The case of MI5, an MP and allegations of a Russian spy setting a honeytrap helps show that so-called secret courts are not used to protect the Government from embarrassments, a Cabinet minister has said.

Ken Clarke said the deportation case against Russian Katia Zatuliveter, which used the controversial closed hearings, collapsed "presumably on the grounds that she may have been an embarrassment but she was not a security threat".

Defending his widely-criticised plans for more "secret courts", the Minister without Portfolio said the reforms in the Justice and Security Bill were about national security alone.

The specialist lawyers involved in such hearings launched a "ferocious" attack on the Government's plans to extend the use of so-called closed material procedures. The advocates, who are appointed to represent someone's interests when they are excluded from hearing evidence, said key safeguards were missing and the plans would create a statutory straitjacket for judges.

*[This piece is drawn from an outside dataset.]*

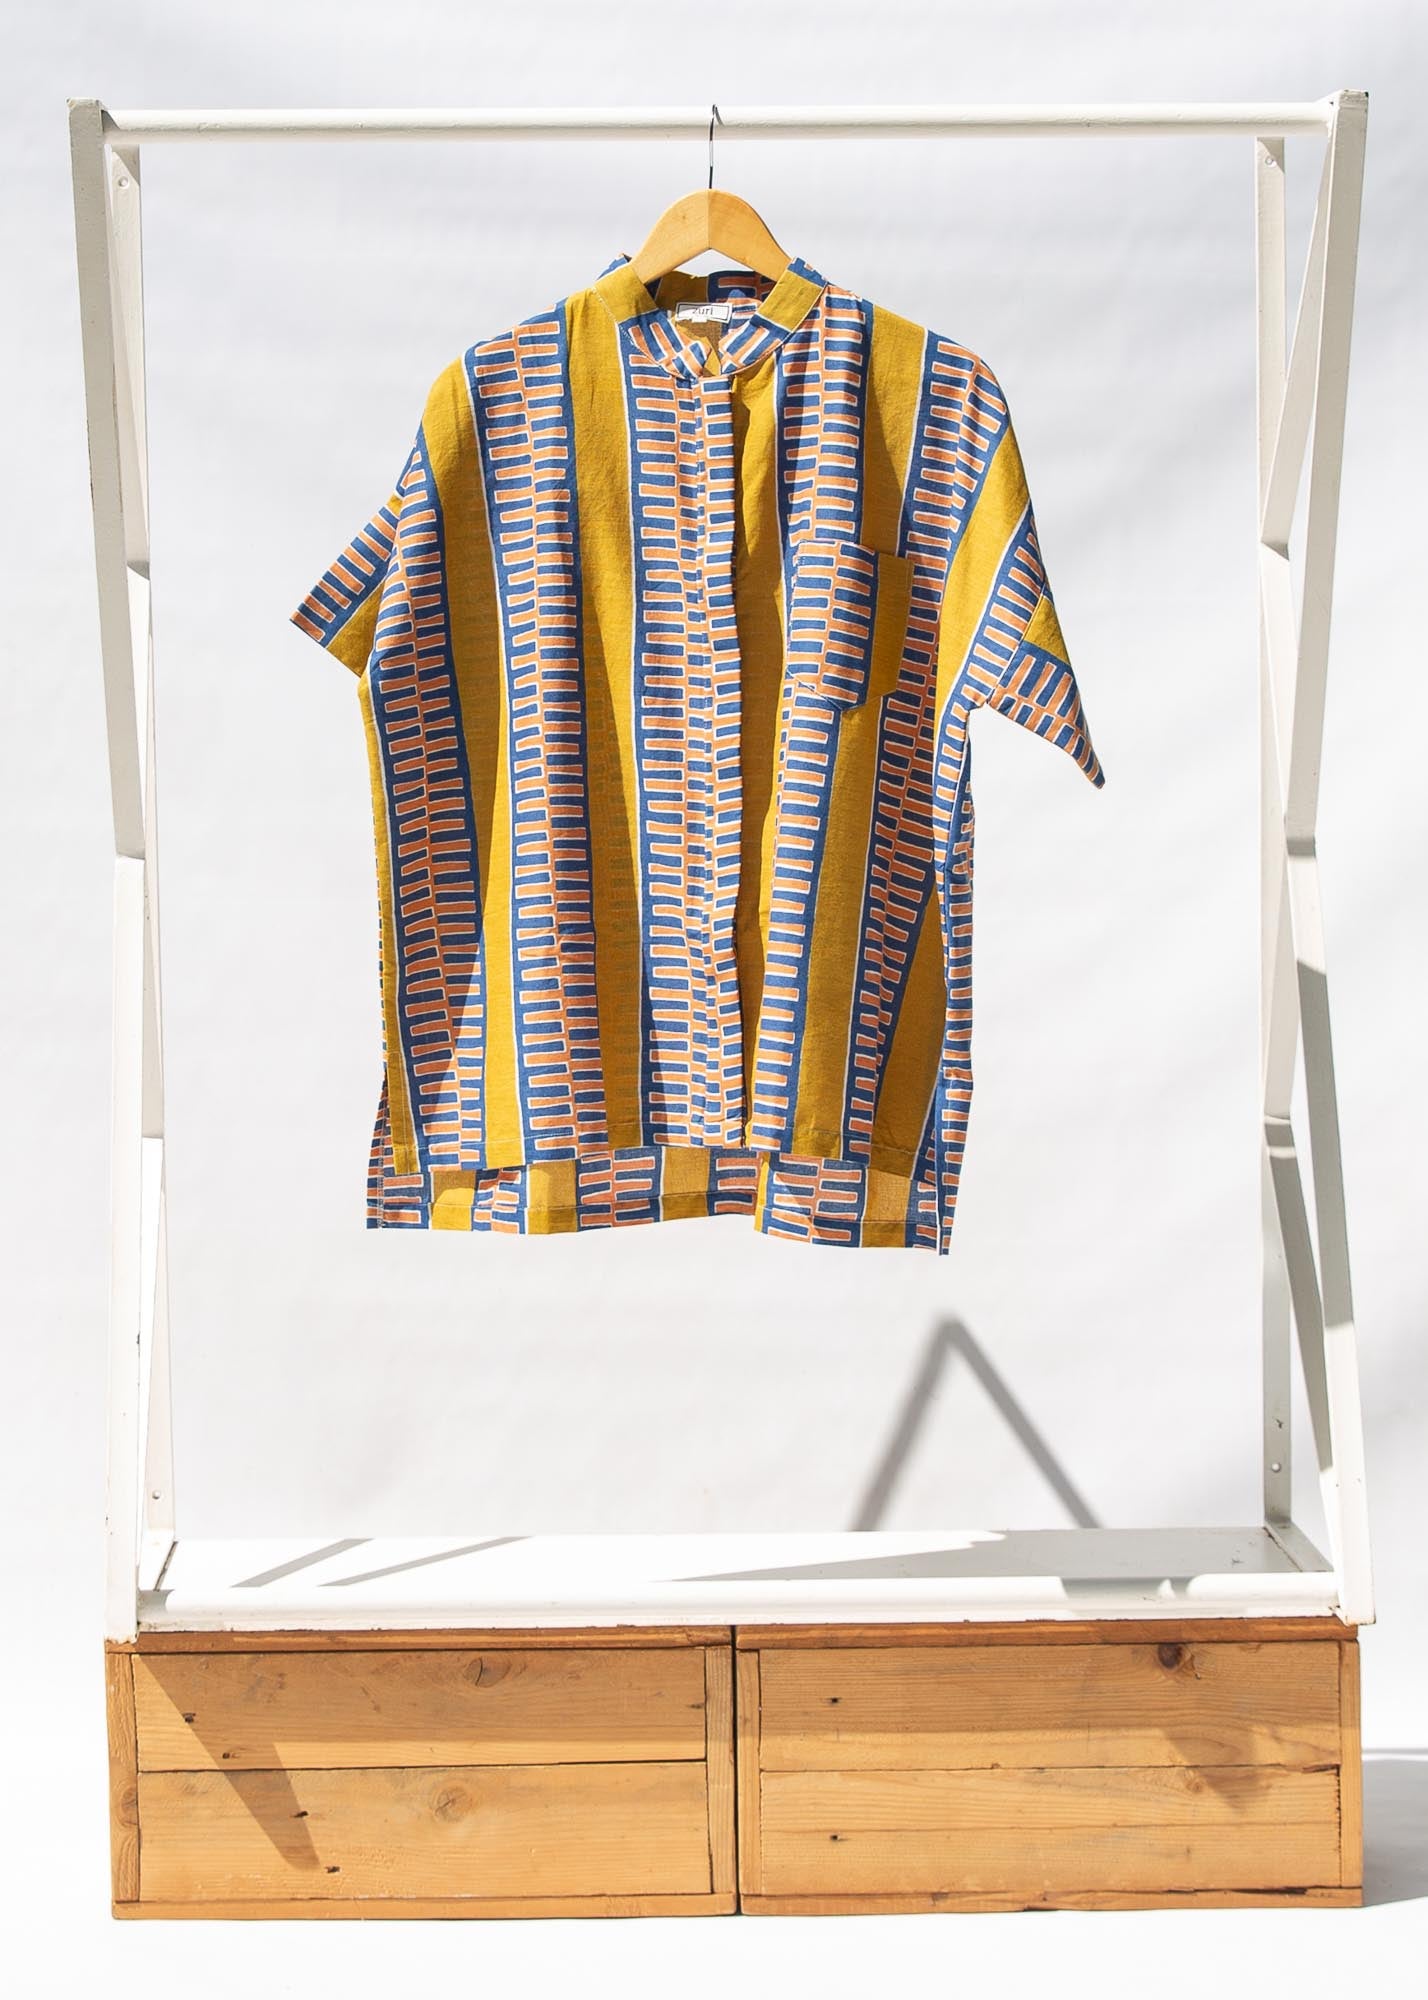 Display of olive-yellow, blue, orange and white geometric printed shirt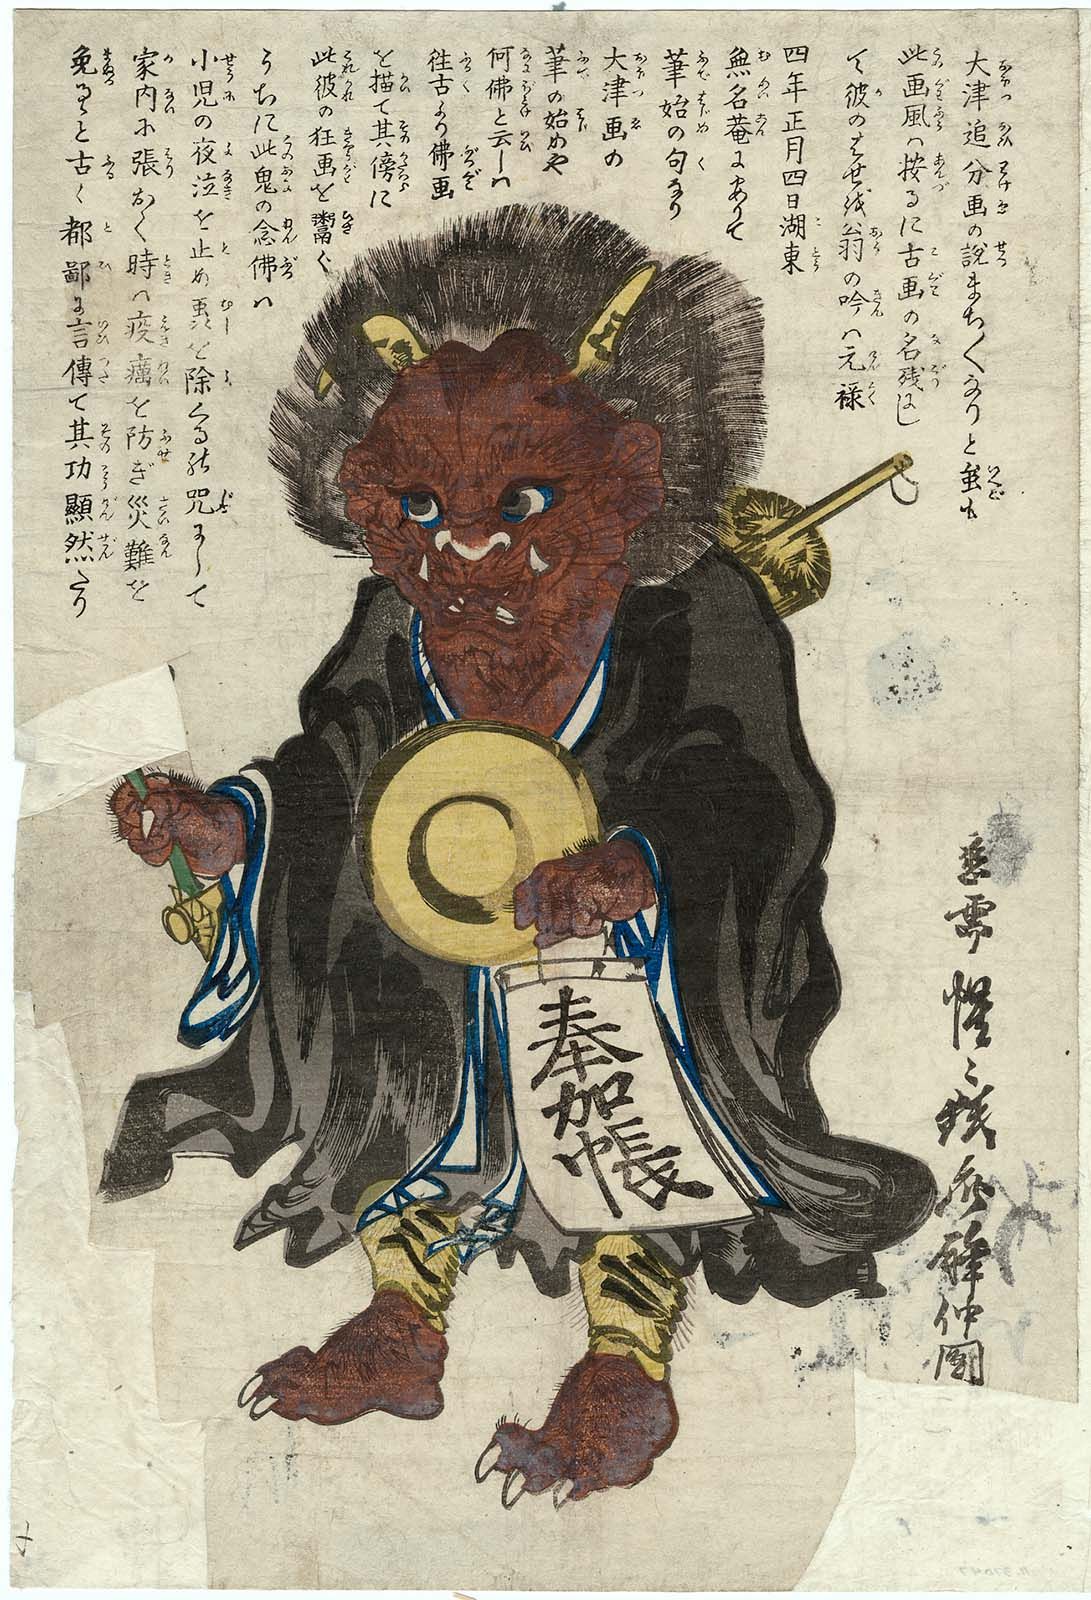 Ôtsu-e: Demonio convertido al Budismo (Oni no nenbutsu) by Kawanabe Kyōsai - 1860s - 35.8 x 24.3 cm Museum of Fine Arts Boston

But Mr Clarke said they were underplaying their own effectiveness, citing Miss Zatuliveter who won an appeal to remain in the UK last November after the Security Service argued she was passing information to Moscow.

She embarked upon an affair in 2006 with MP Mike Hancock, and went on to work for him in Parliament where he sat on the Defence Select Committee, before she was arrested in December 2010. But the Special Immigration Appeals Commission, which used hearings behind closed doors from which even Miss Zatuliveter and her lawyers were excluded, ruled in her favour.

"There was a Russian lady who had a close relationship with a member of Parliament who was a member of the defence committee who got herself all over the newspapers," Mr Clarke said.

"And the agencies wanted to deport her. And the evidence given by the agencies against whatever this Russian lady's name was - I'm sorry I can't remember her name, it wasn't her most memorable feature I'm told - was all heard in closed proceedings as they were making allegations of her involvement with Russian intelligence and they lost.

"The deportation collapsed, the applicant, the special advocate in closed material proceedings won, presumably on the grounds that she may have been an embarrassment but she was not a security threat."

Critics and civil rights campaigners say the move will create a "secret justice system straight from the pages of a Kafka novel", but the Bill's proponents claim it is needed so the Government can contest civil claims in the courts. The Government has said it is wasting taxpayers' money on settling claims, because it is unable to contest them as the evidence it would wish to produce is so secret that it cannot be revealed in an open court.